Top of Data records
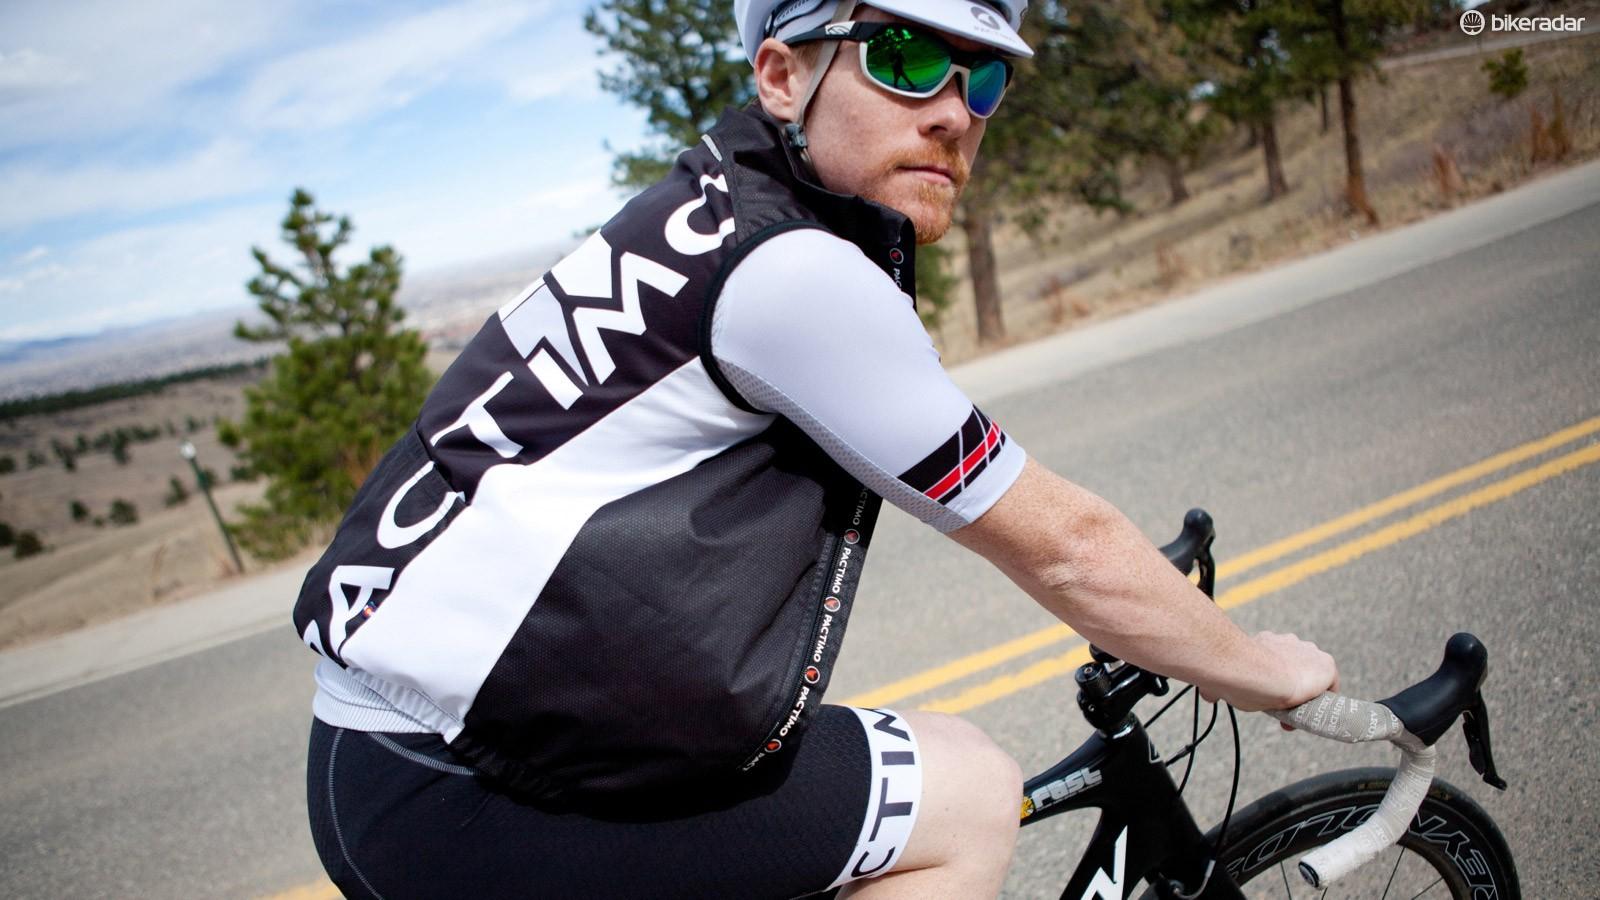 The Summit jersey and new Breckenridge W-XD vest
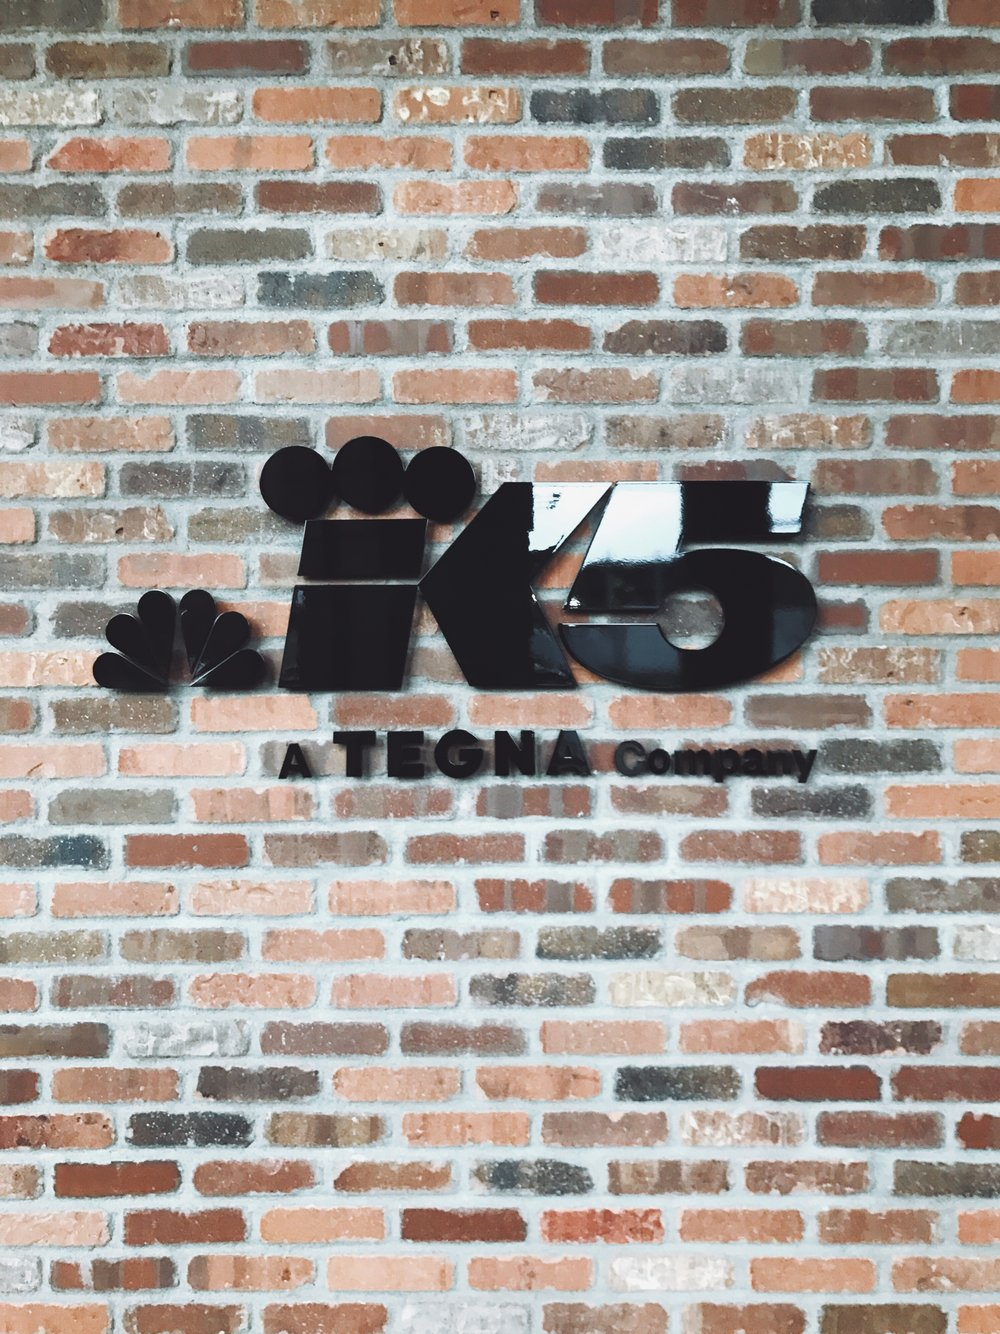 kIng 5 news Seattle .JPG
Bottom of Data records
Top of Data records
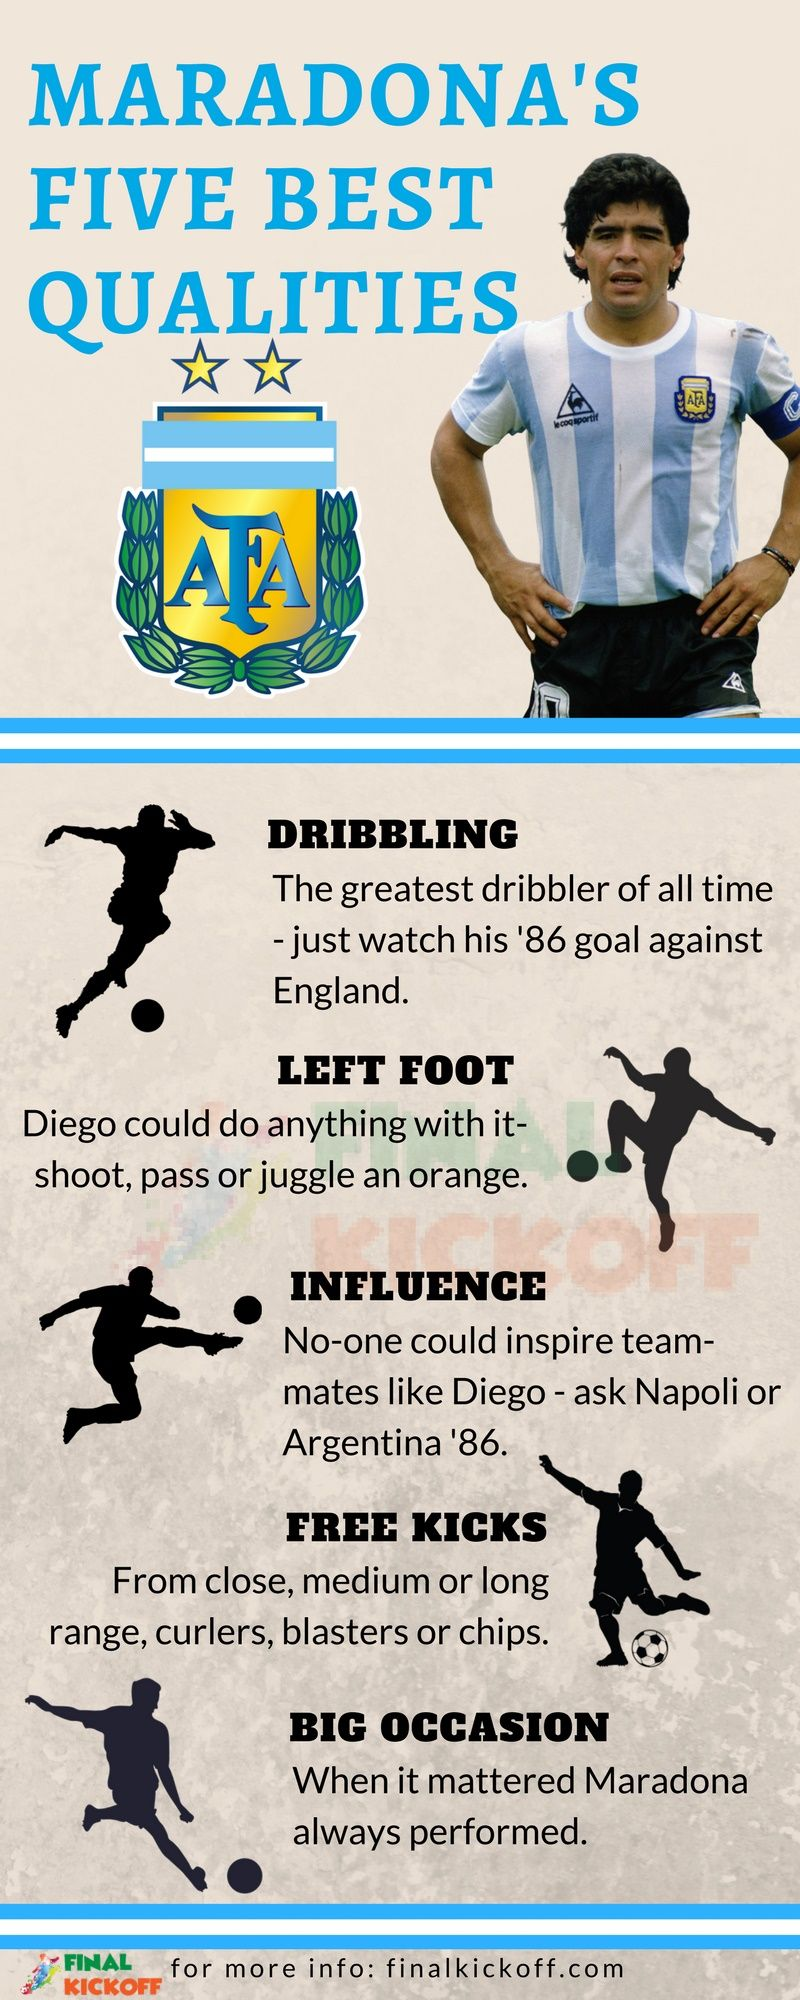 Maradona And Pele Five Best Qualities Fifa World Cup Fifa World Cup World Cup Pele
Bottom of Data records
Pictures in the entries do not go into the copy. Print only the lines starting at the one containing "The Summit jersey" and ending at the one containing "kIng 5 news Seattle .JPG", exactly as they appear.

 The Summit jersey and new Breckenridge W-XD vest
 kIng 5 news Seattle .JPG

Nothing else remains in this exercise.